Wildfires that torched homes and forced thousands of people to evacuate were burning across 10 parched Western states on Tuesday, with the largest, in Oregon, threatening California’s power supply.
Nearly 60 wildfires tore through bone-dry timber and brush from Alaska to Wyoming, according to the National Interagency Fire Centre, with Arizona, Idaho and Montana accounting for more than half of the large active blazes.
The fires erupted as the West was in the grip of the second bout of dangerously high temperatures in just a few weeks.
A climate change-fuelled megadrought is also contributing to conditions that make fires even more dangerous, scientists said.
The National Weather Service said the heatwave appeared to have peaked in many areas, and excessive-heat warnings were largely expected to expire by Tuesday. However, they continued into Tuesday night in some California deserts.
In Northern California, a combined pair of fires started by lightning, dubbed the Beckwourth Complex, was less than 25% surrounded after days of battling flames fuelled by winds, hot weather and low humidity that sapped the moisture from vegetation.
Evacuation orders were in place for more than 3,000 residents of remote northern areas and neighbouring Nevada.

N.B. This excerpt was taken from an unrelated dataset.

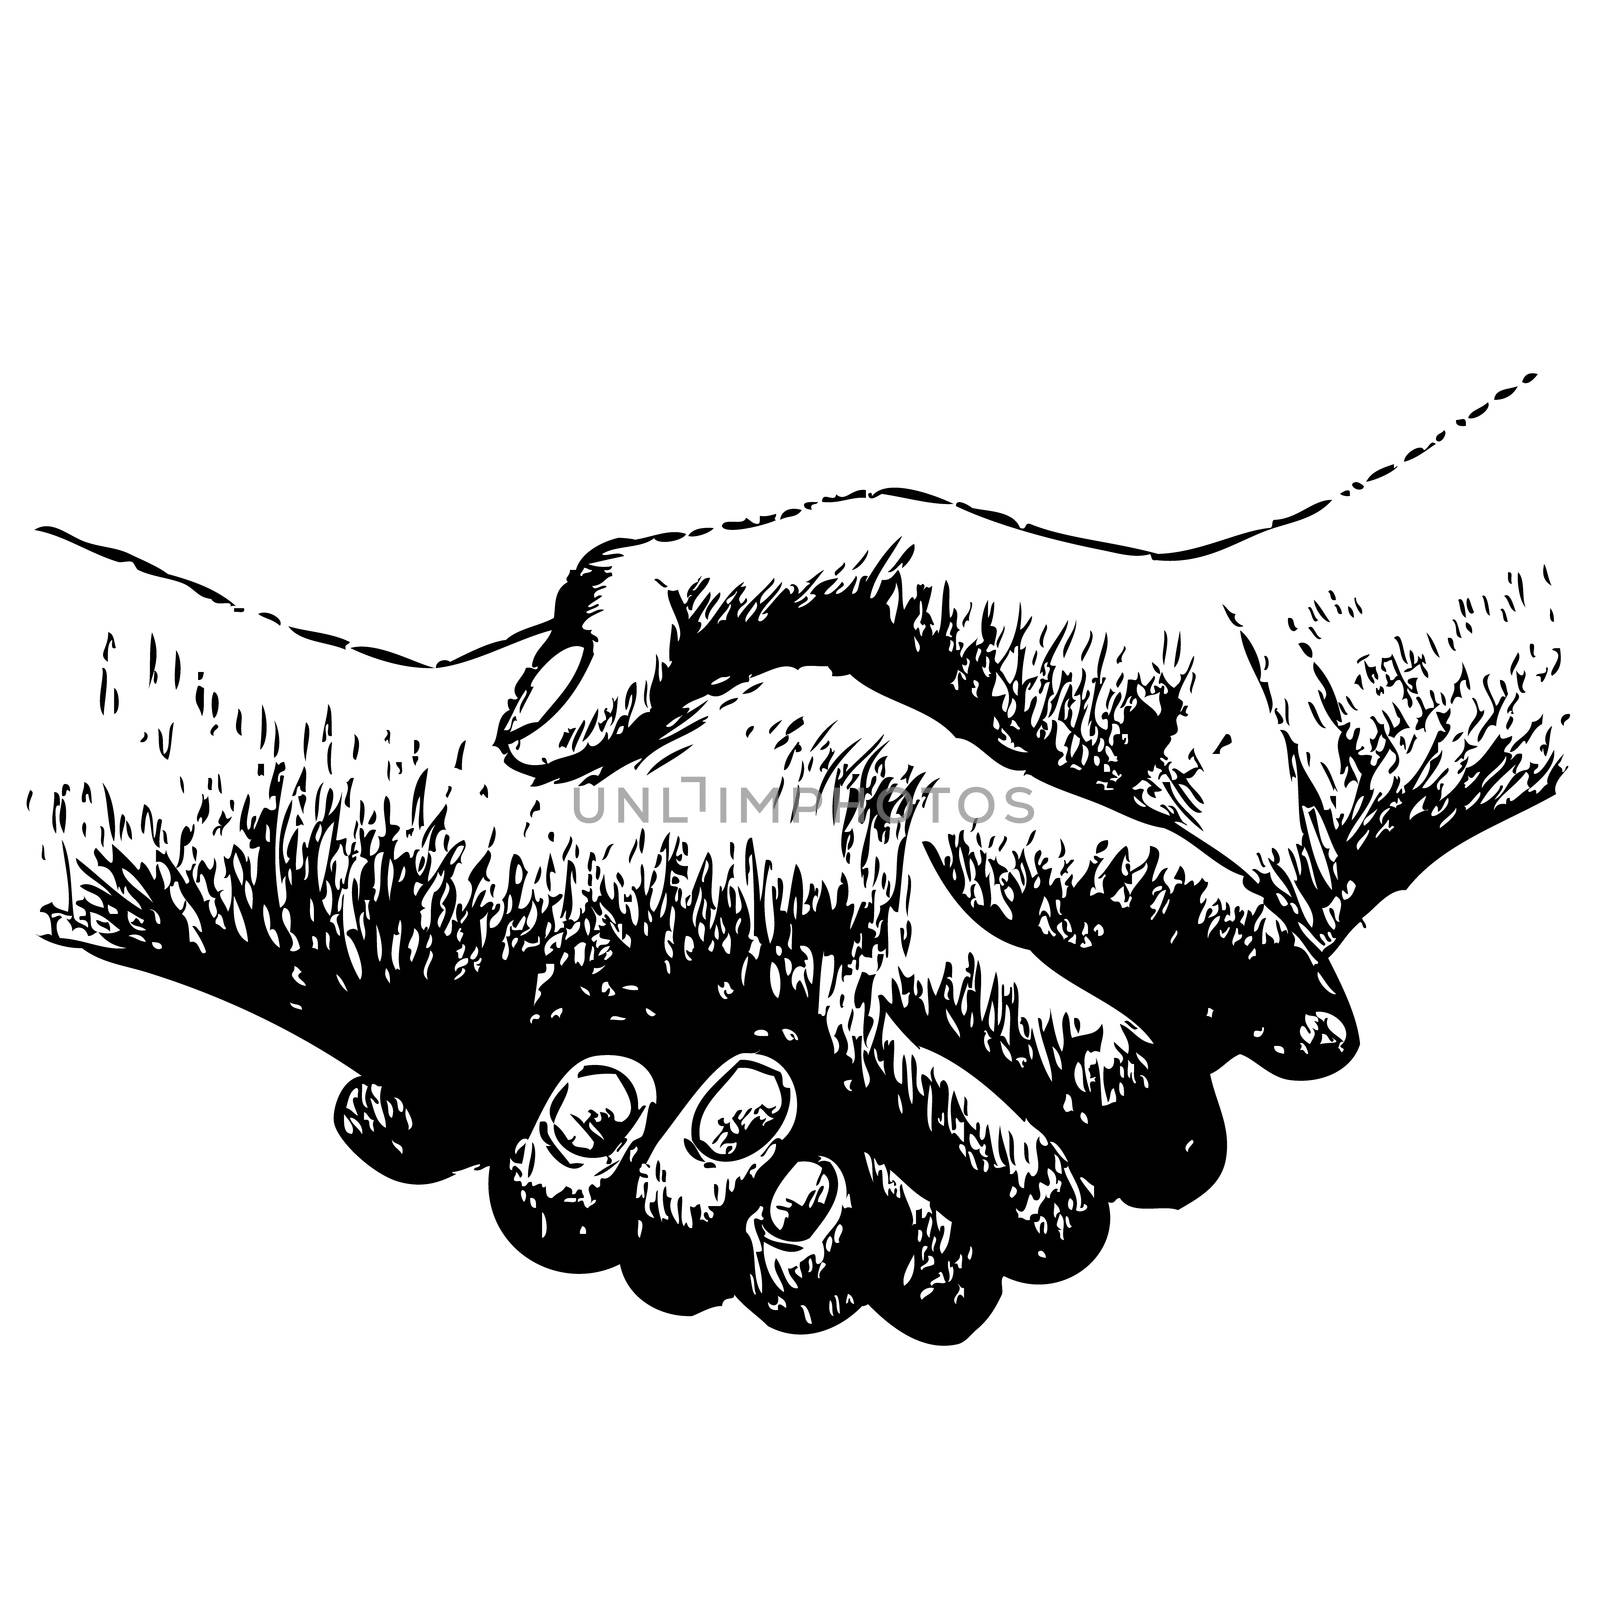 hand drawn illustration of shaking hands

There were reports of burned homes, but damage was still being assessed. The blaze had consumed 140 square miles (362 sq km) of land, including in Plumas National Forest.
A fire that began in the Sierra Nevada south of Yosemite National Park on Sunday exploded over 14 square miles (36 sq km) and was only 10% contained. A highway that leads to Yosemite’s southern entrance remained open.
The largest fire in the United States lay across the California border in south-western Oregon.
The Bootleg Fire – which doubled and doubled again over the weekend – threatened some 2,000 properties, state fire officials said. It had burned at least seven homes and more than 40 other buildings.
Over the weekend, the Klamath County Sheriff’s Office warned that it would cite or even arrest people who ignored orders to “go now” in certain areas immediately threatened by the blaze.
Tim McCarley told KPTV-TV that he and his family had been ordered to flee their home on Friday with flames just minutes behind them.
“They told us to get the hell out ’cause if not, you’re dead,” he said.
He described the blaze as “like a firenado”, with flames leaping dozens of feet into the air and jumping around, catching trees “and then just explosions, boom, boom, boom, boom”.
The fire was burning in the Fremont-Winema National Forest, near the Klamath County town of Sprague River. It had ravaged an area of about 240 square miles (621 sq km), or nearly twice the size of Portland.
Firefighters had not managed to surround any of it as they struggled to build containment lines.
The fire drastically disrupted service on three transmission lines providing up to 5,500 megawatts of electricity to California, and the state’s power grid operator repeatedly asked for voluntary power conservation during the evening.
Elsewhere, a forest fire started during lightning storms in south-east Washington grew to 86 square miles (223 sq km). It was 20% contained on Monday.
Another fire west of Winthrop closed the scenic North Cascades Highway, the most northern route through the Cascade Range. The road provides access to North Cascades National Park and the Ross Lake National Recreation Area.
In Idaho, Governor Brad Little mobilised the National Guard to help fight twin lightning-sparked fires that have together charred nearly 24 square miles (62 sq km) of dry timber in the remote, drought-stricken region.
The July heatwave follows unusually high temperatures in June in the West, and comes amid worsening drought conditions throughout the region.
Scientists say human-caused climate change and decades of fire suppression that increases fuel loads have aggravated fire conditions across the region.